Rientrata in Italia sono riuscita, dopo qualche settimana, a smettere la cura farmacologica. Sono stata bene per un bel periodo, ma non sono mai guarita completamente con la schiena e con i problemi intestinali, per esempio. Quindi ho ricominciato ad indagare attraverso qualche altro esame, per cercare di capire come poter ritrovare un equilibrio che mi permettesse di riprendere con meno fatica anche il lavoro, cosa di vitale importanza per me, essendo sola con due figli.
Oggi mi sto preparando per seguire in maniera corretta tutte le indicazione datemi dall’esito del mineralogramma e, nel frattempo, sto cercando di migliorare la condizione della schiena con l’aiuto dell’agopuntura.
Non so se potrò mai più guarire completamente, non so nemmeno se sarò mai risarcita per tutti quei soldi che non avevo, ma che ho dovuto comunque spendere per curarmi, dovendoli chiedere in prestito. E pare che nemmeno converrà, a livello economico, sostenere un’eventuale causa. Rischierei di spendere più di quello che mi spetterebbe, ammesso e non concesso che vengano riconosciuti i danni.
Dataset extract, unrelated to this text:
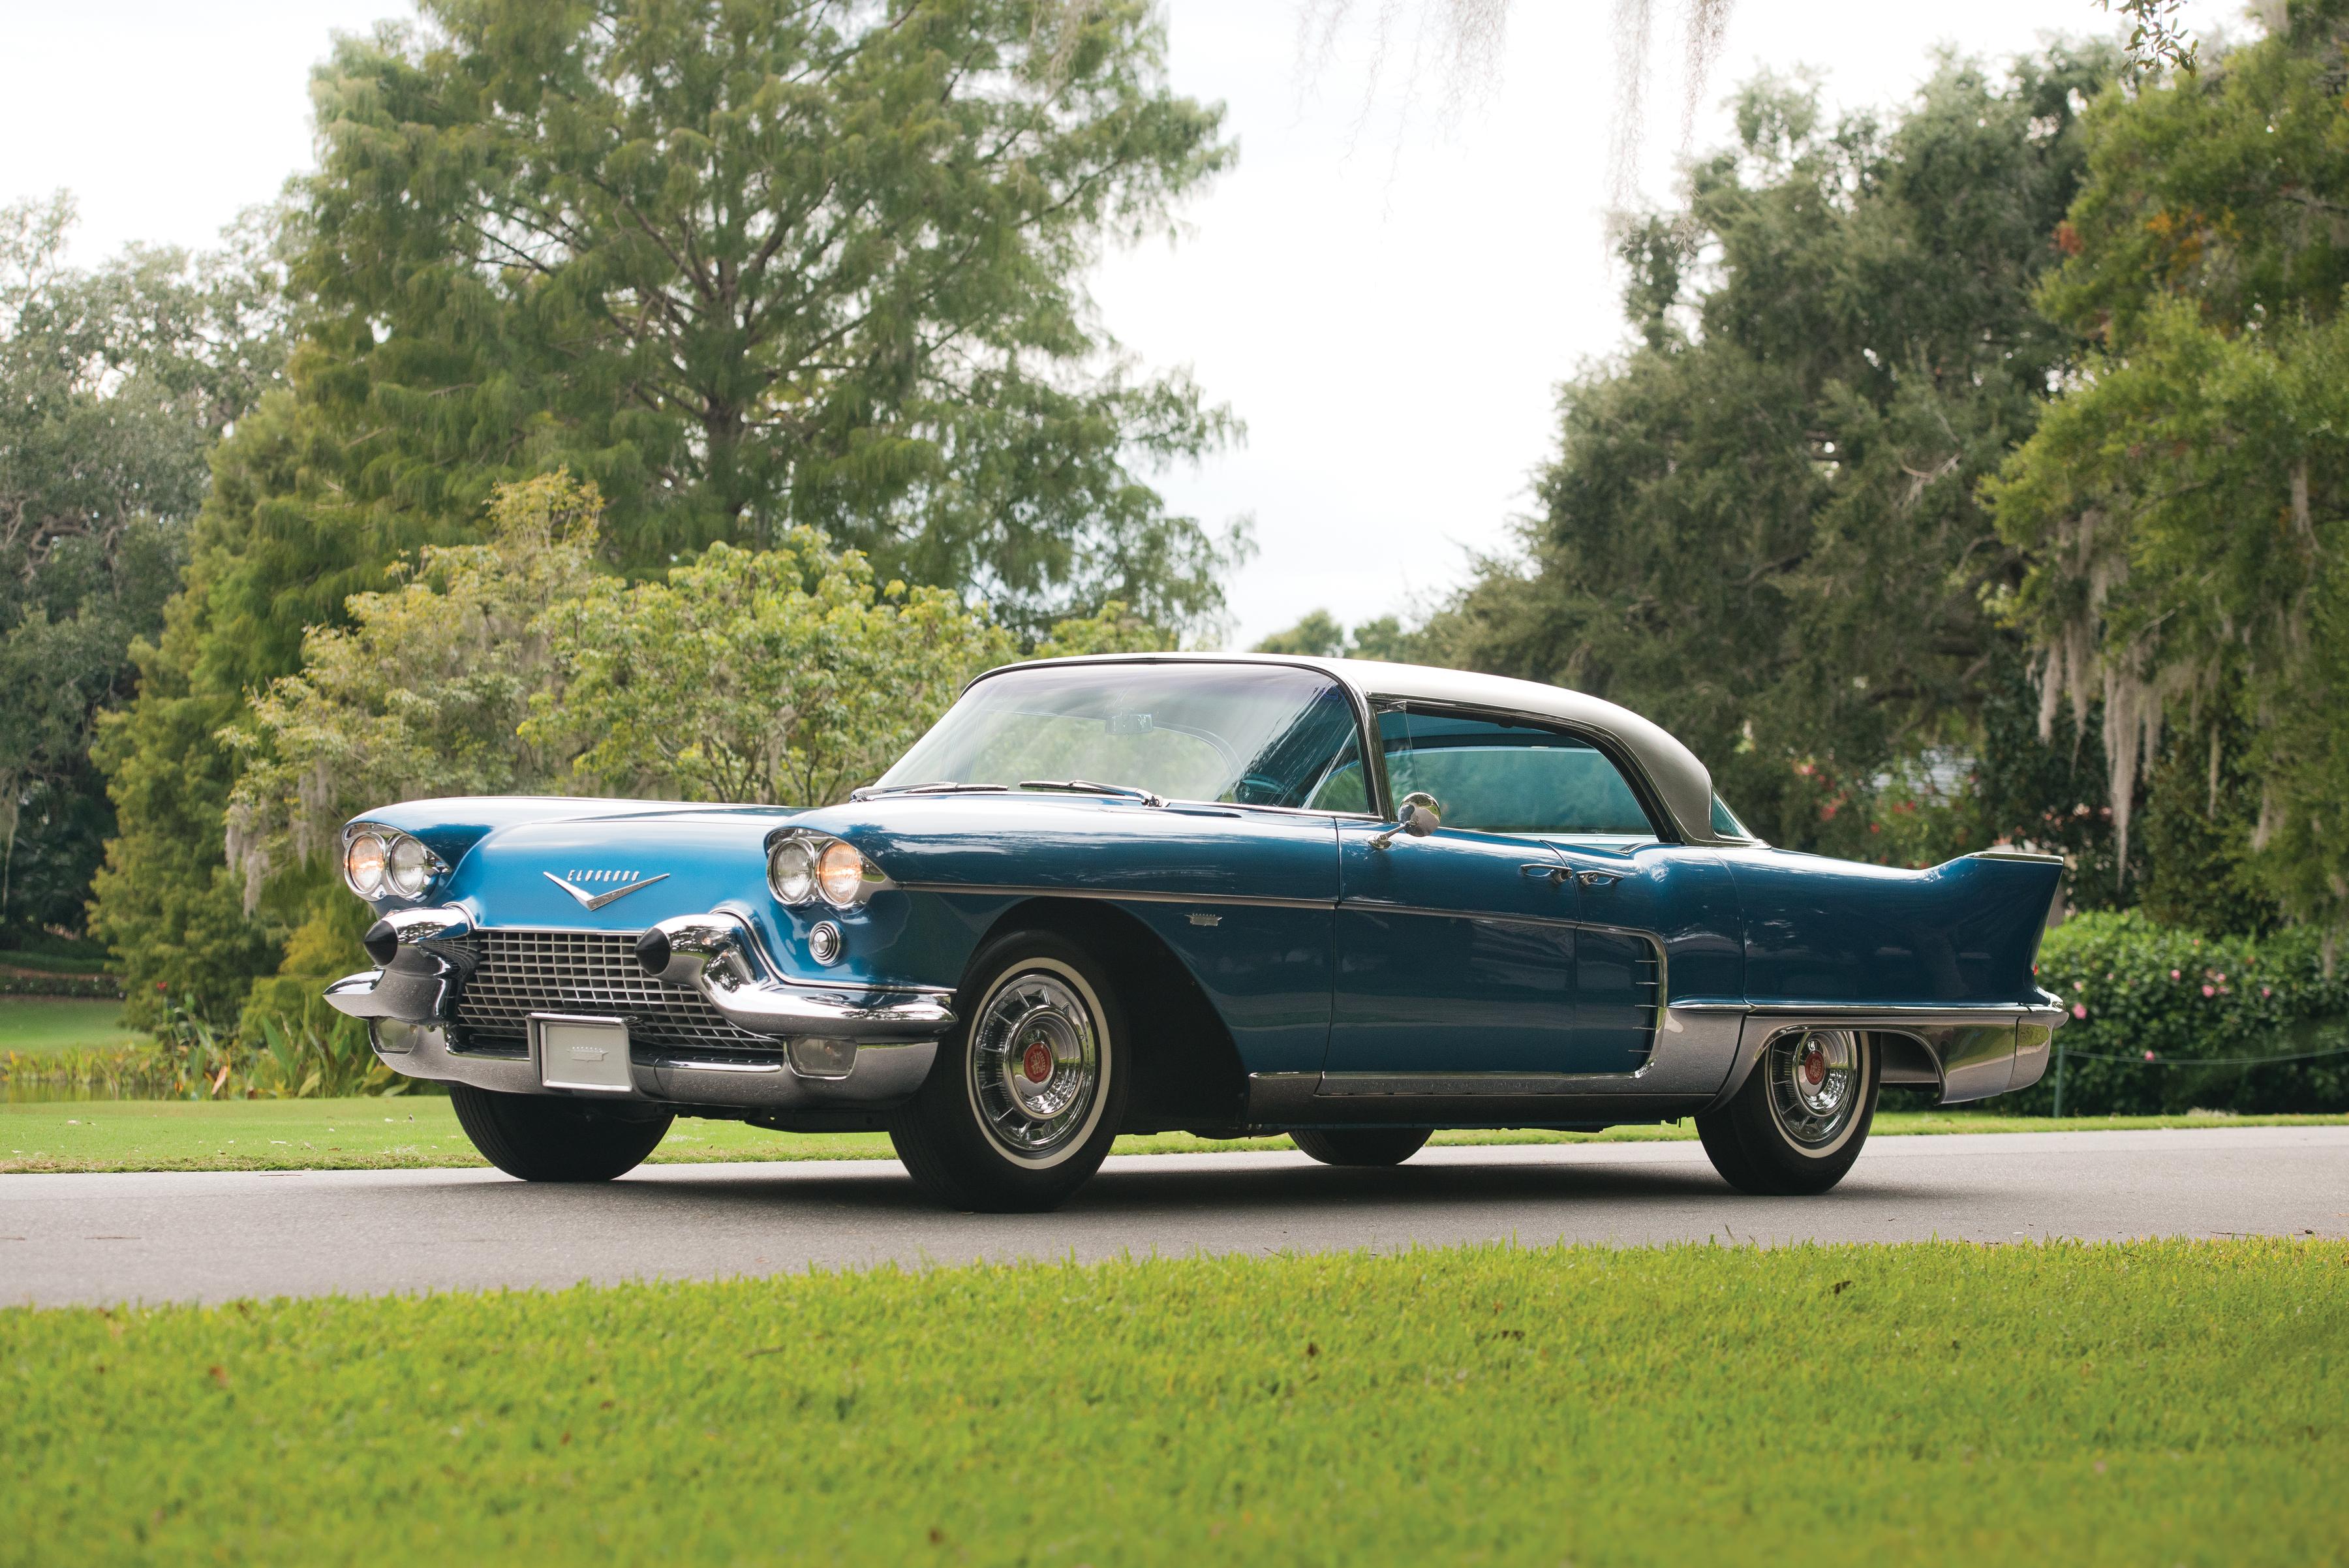 Amazing 1958 Cadillac Eldorado Brougham Pictures & Backgrounds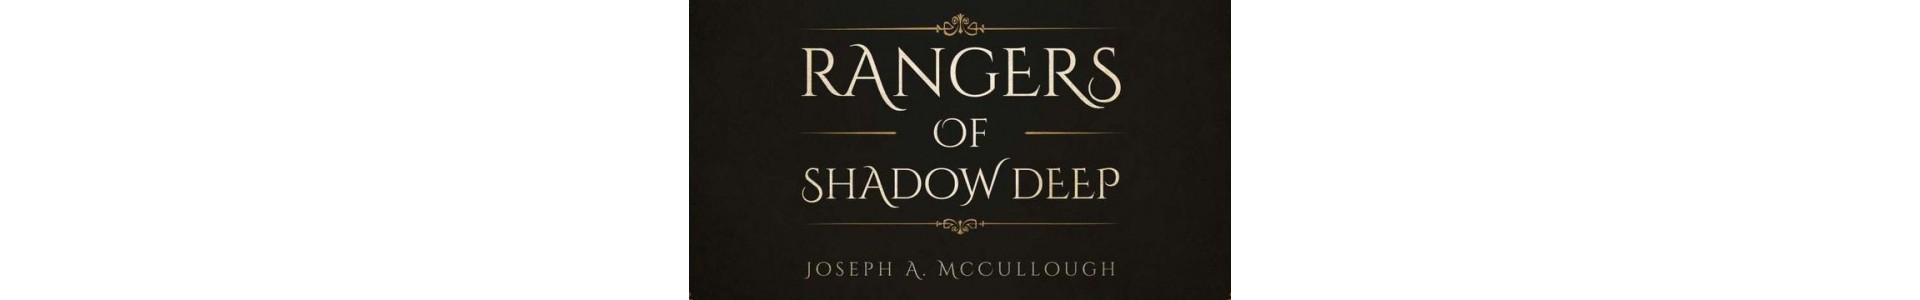 Rangers of Shadow Deep - Jeux de Figurine | Acheter sur Starplayer

Questa storia mi ha segnata particolarmente, perché ho potuto vivere indirettamente la tenacia con cui le americane si son battute e si stanno battendo e la fatica che stanno facendo per avere giustizia. Sono state capaci di coinvolgere nella stessa maniera anche tutte le altre donne/vittime degli altri Stati.
Alcune di loro sono state parte del documentario ” the bleeding edge” che ha ricevuto diversi premi, tra cui miglior documentario dell’anno. Poi c’è stata l’inchiesta mondiale “the implant files”. Mi auguro che anche in Italia si racconti dell’ennesimo inganno, da parte dell’industria farmaceutica, che sembra accanirsi particolarmente sul corpo delle donne.
Desidero che si racconti anche della fatica che si fa, per avere l’informazione corretta, della difficoltà da parte della società a solidarizzare con noi donne , ma anche in generale, della frustrazione che si prova per l’indifferenza di chi crede che la colpa in qualche modo sia sempre e solo tua, perché vige fortemente ancora il pensiero che un’ ingiustizia che colpisce un’ altra persona non ci riguarda.
È più facile credere che tu te la sia cercata che trovare il coraggio per ammettere che qualche responsabilità ce l’hanno anche quelle figure che agiscono in nome del dio denaro e non per contribuire a migliorare la vita dell’uomo. Non possiamo più continuare a negare che così facendo aumenta la sfiducia verso un sistema di cui facciamo parte, noi e le persone che ci stanno a cuore.